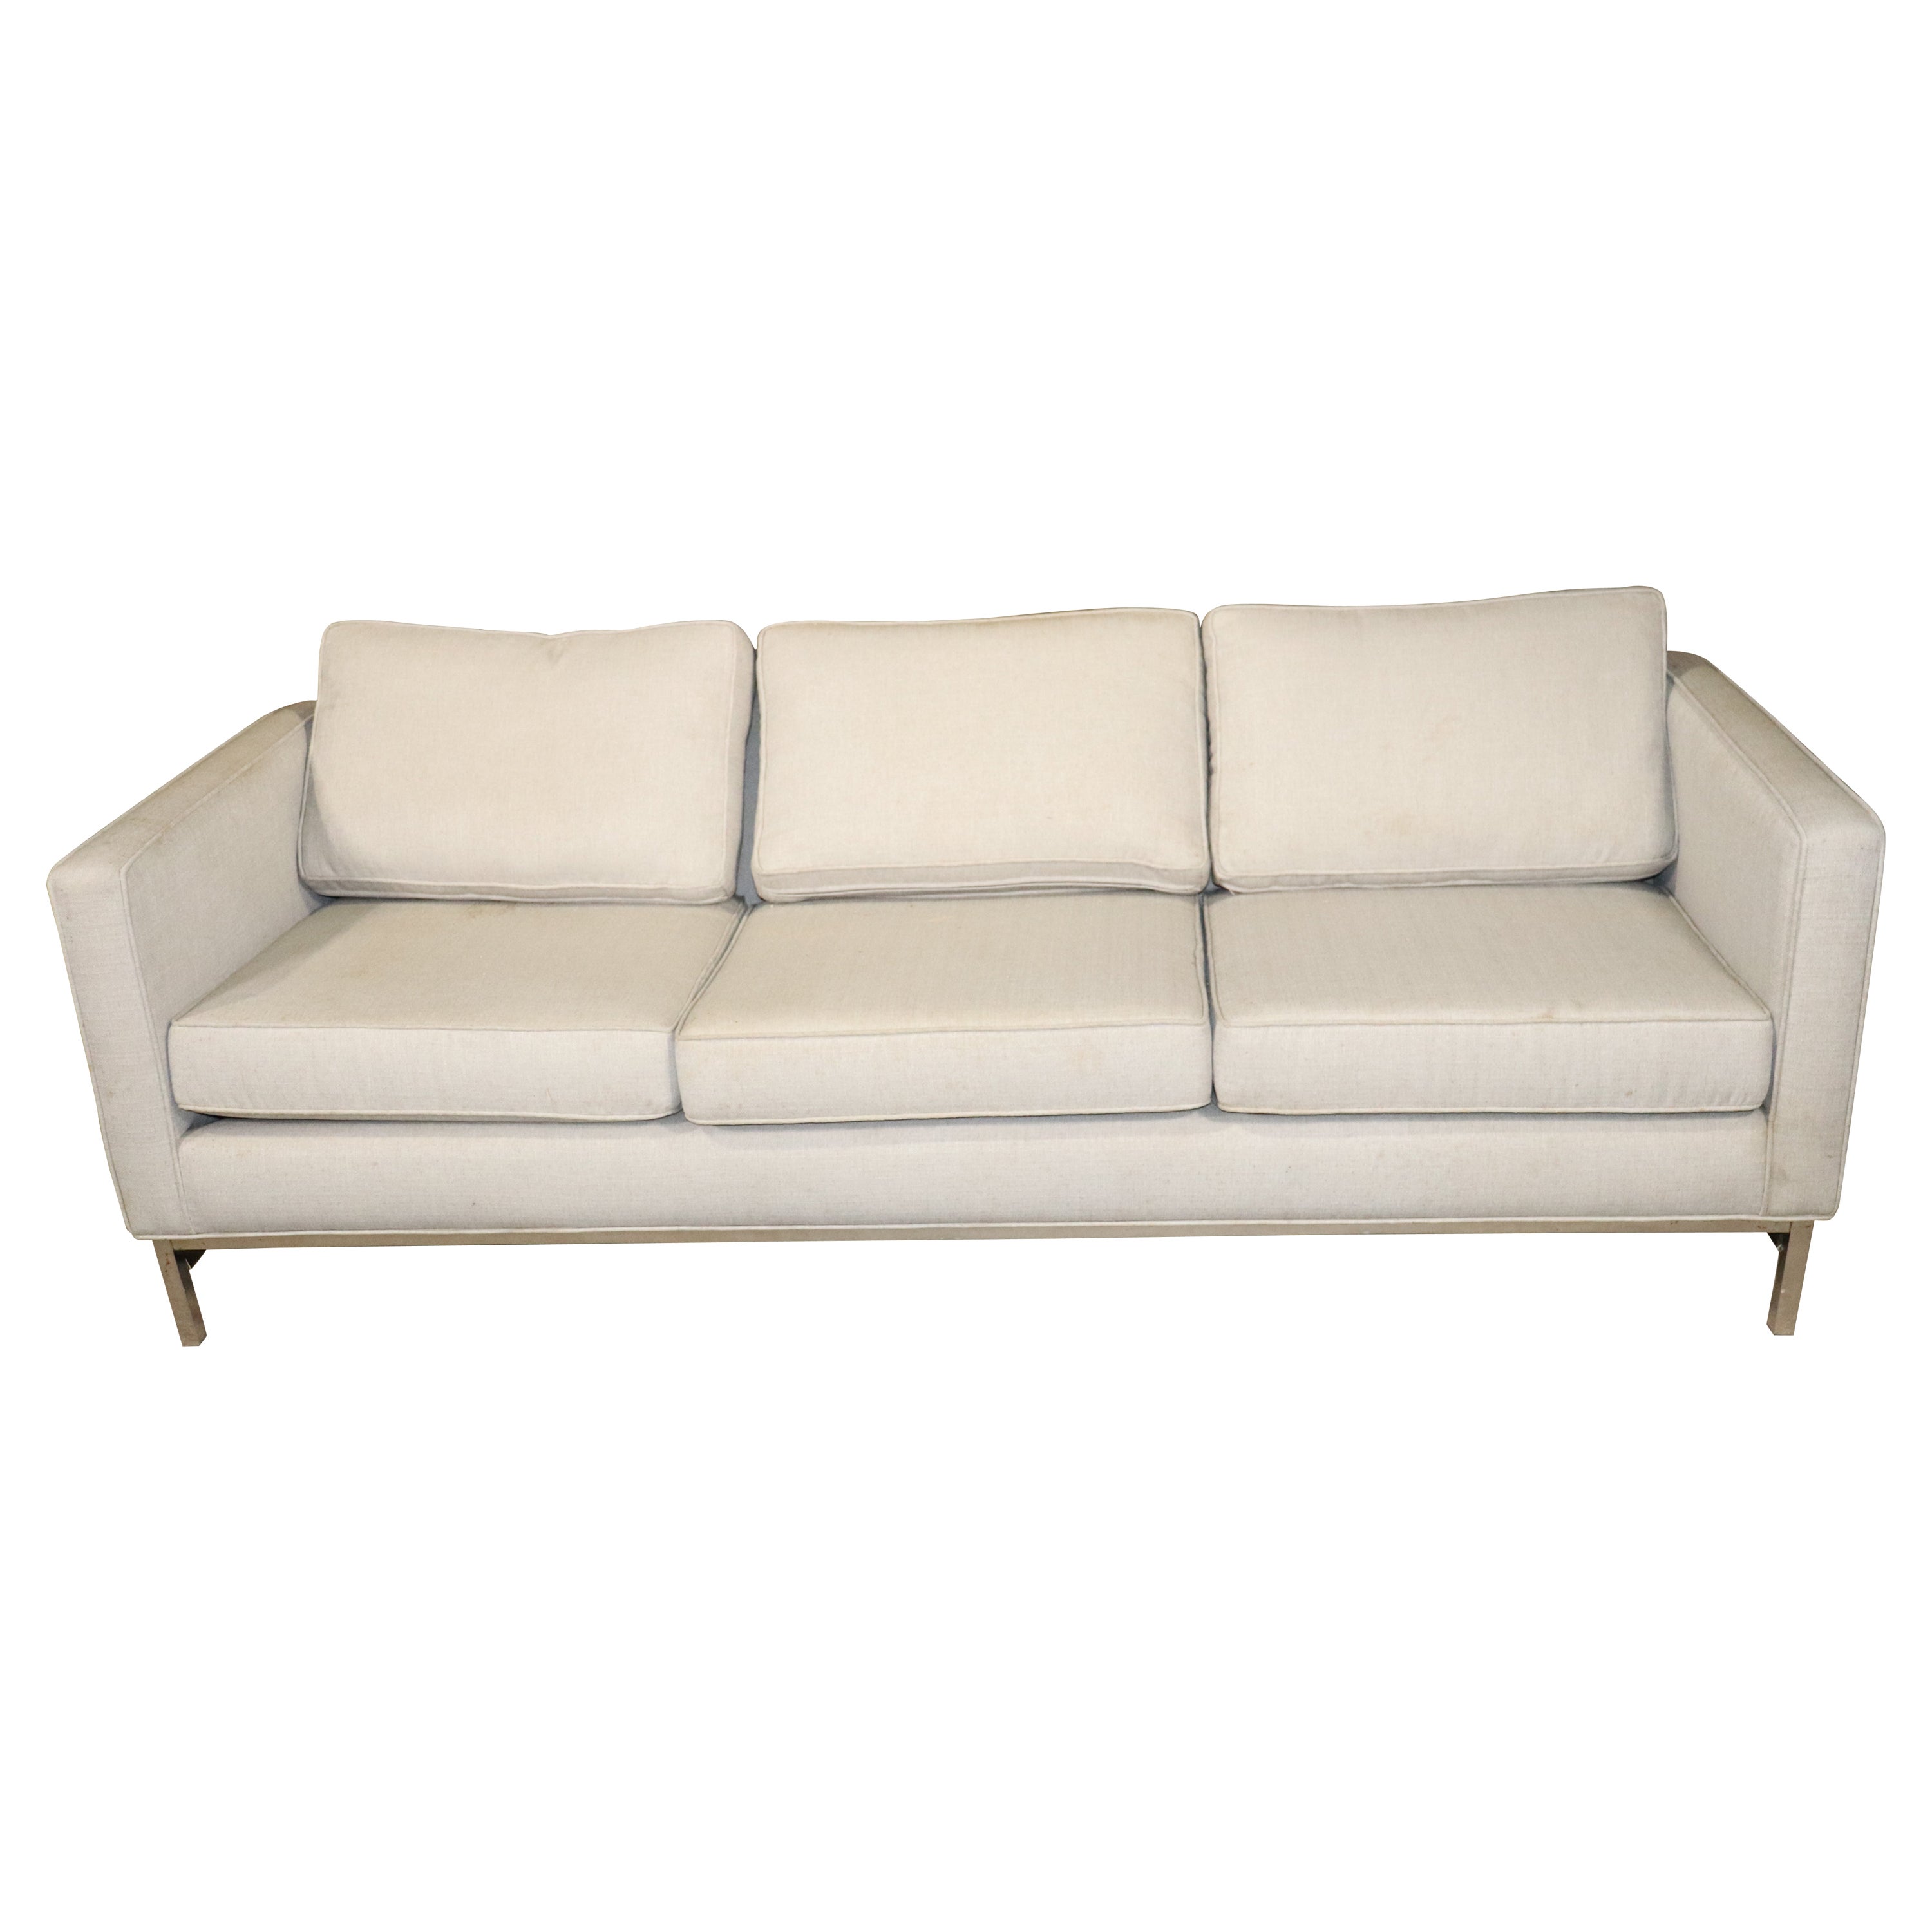 Vint Lawson | Feather 1stDibs Needs Frame at Modern Mid-Century awesome Sofa Upholstered lawson sofa Style Only
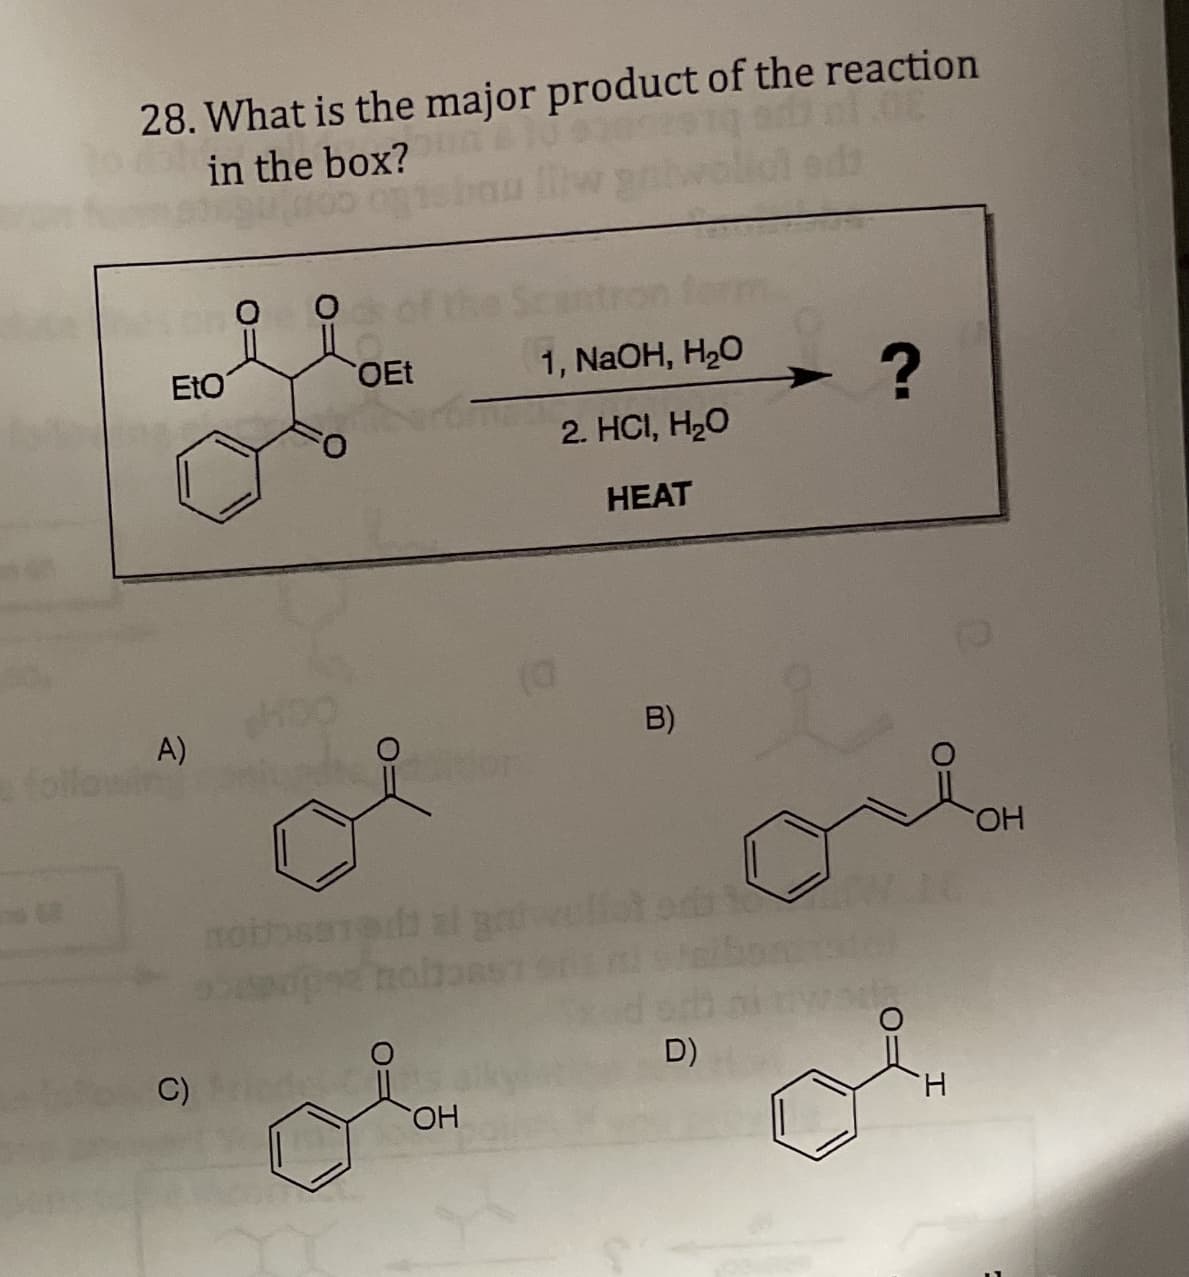 28. What is the major product of the reaction
in the box?n
EtO
OEt
1, NaOH, H2O
2. HCI, H20
НЕАТ
B)
A)
followin
CHO.
s al p
D)
C) e
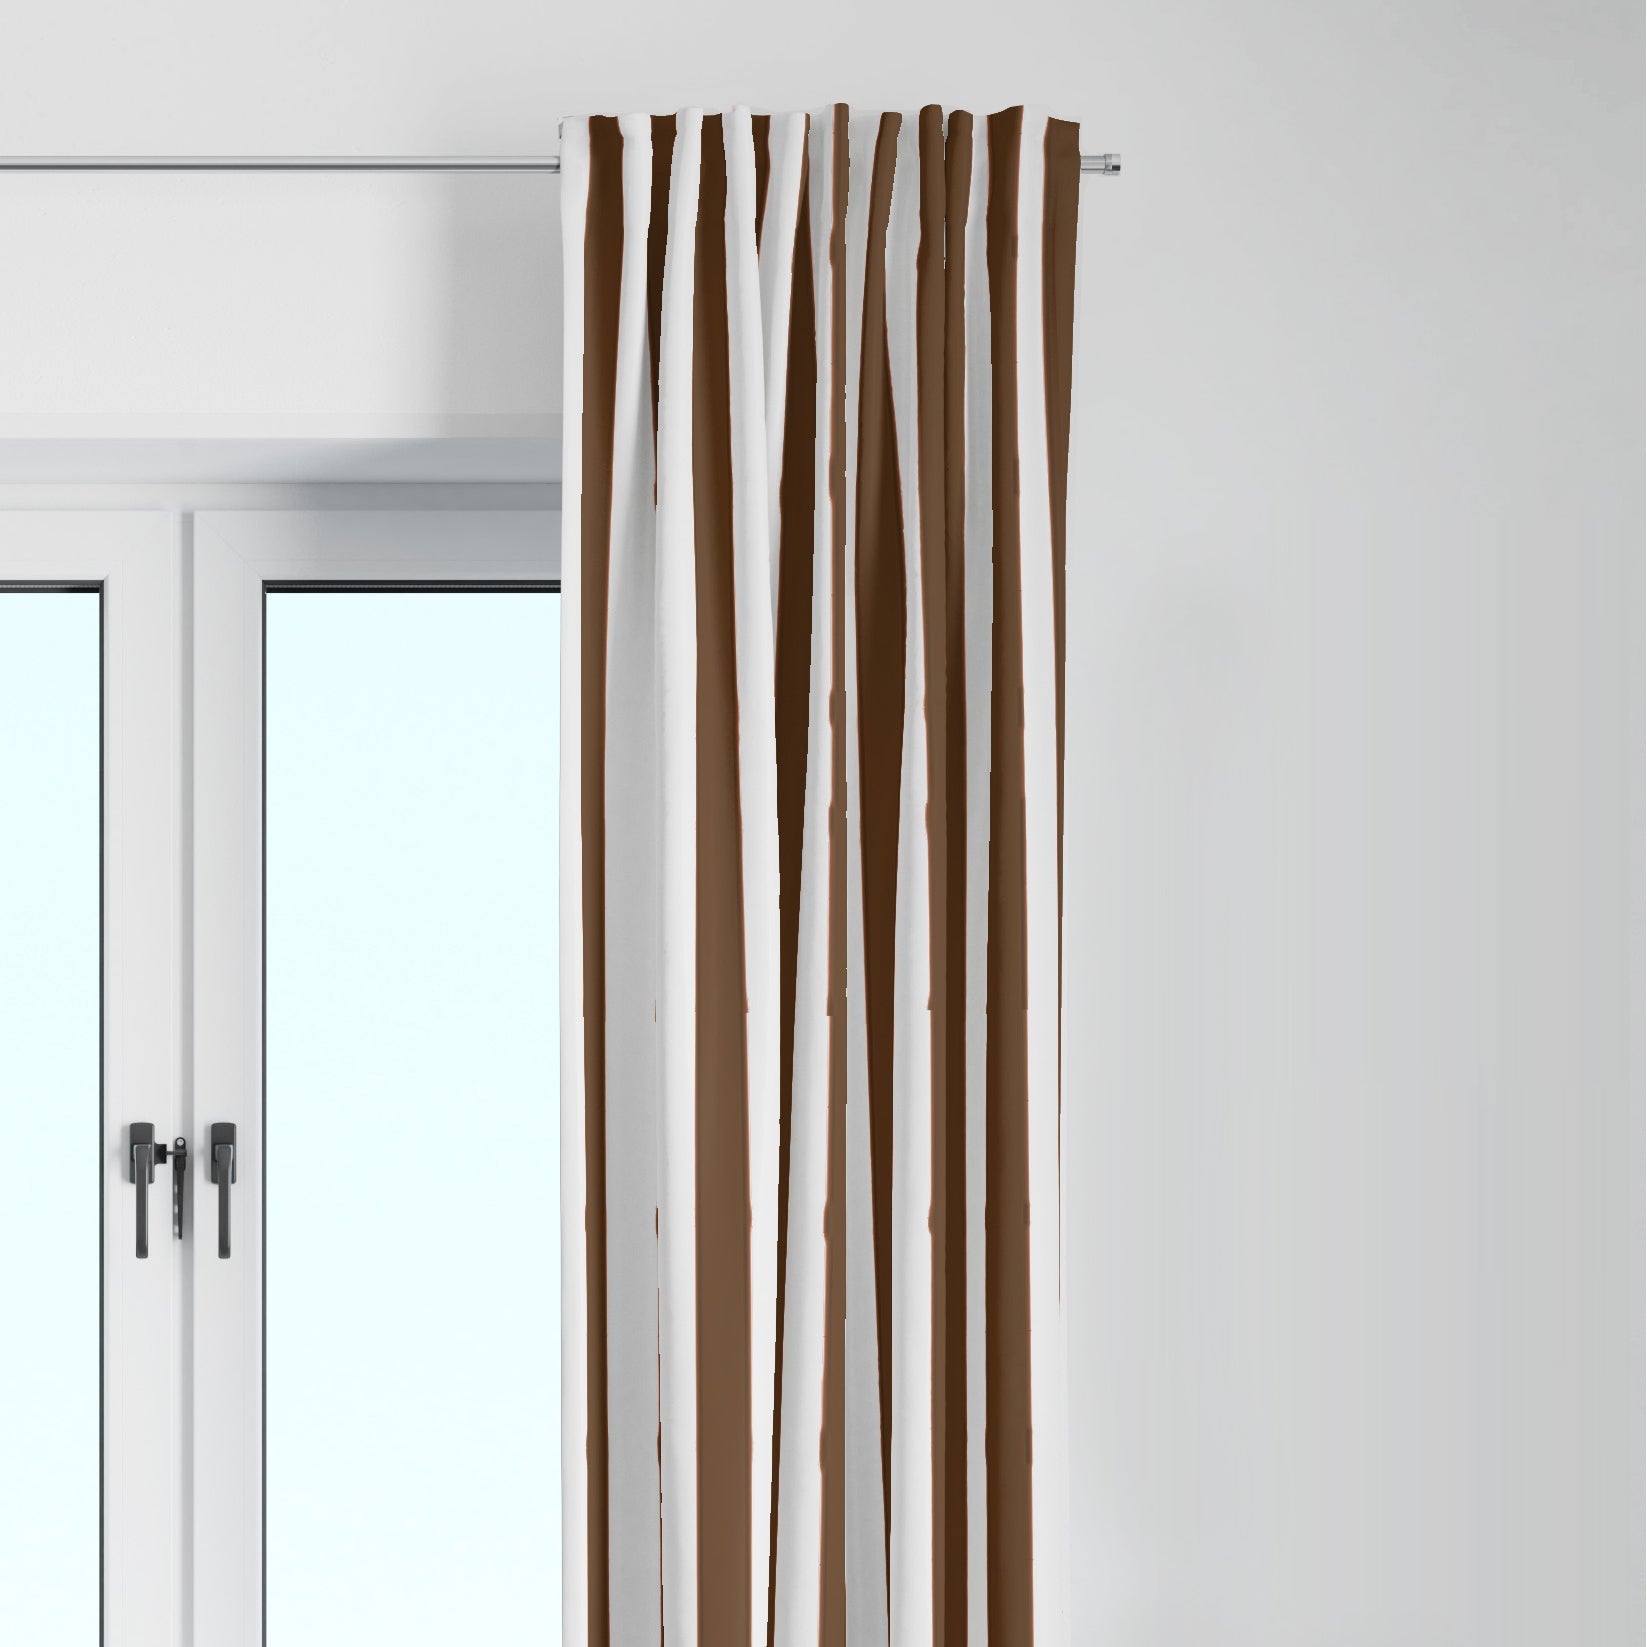 Bacati - Single Light Filtering Curtain Panel Stripes Brown/White - image 1 of 5

======

Description of the task: The job here is to retype the data exactly, with no pictures included.

Solution to this exercise:
 Vint Lawson | Feather 1stDibs Needs Frame at Modern Mid-Century awesome Sofa Upholstered lawson sofa Style Only
 28. What is the major product of the reaction
in the box?n
EtO
OEt
1, NaOH, H2O
2. HCI, H20
НЕАТ
B)
A)
followin
CHO.
s al p
D)
C) e
 Bacati - Single Light Filtering Curtain Panel Stripes Brown/White - image 1 of 5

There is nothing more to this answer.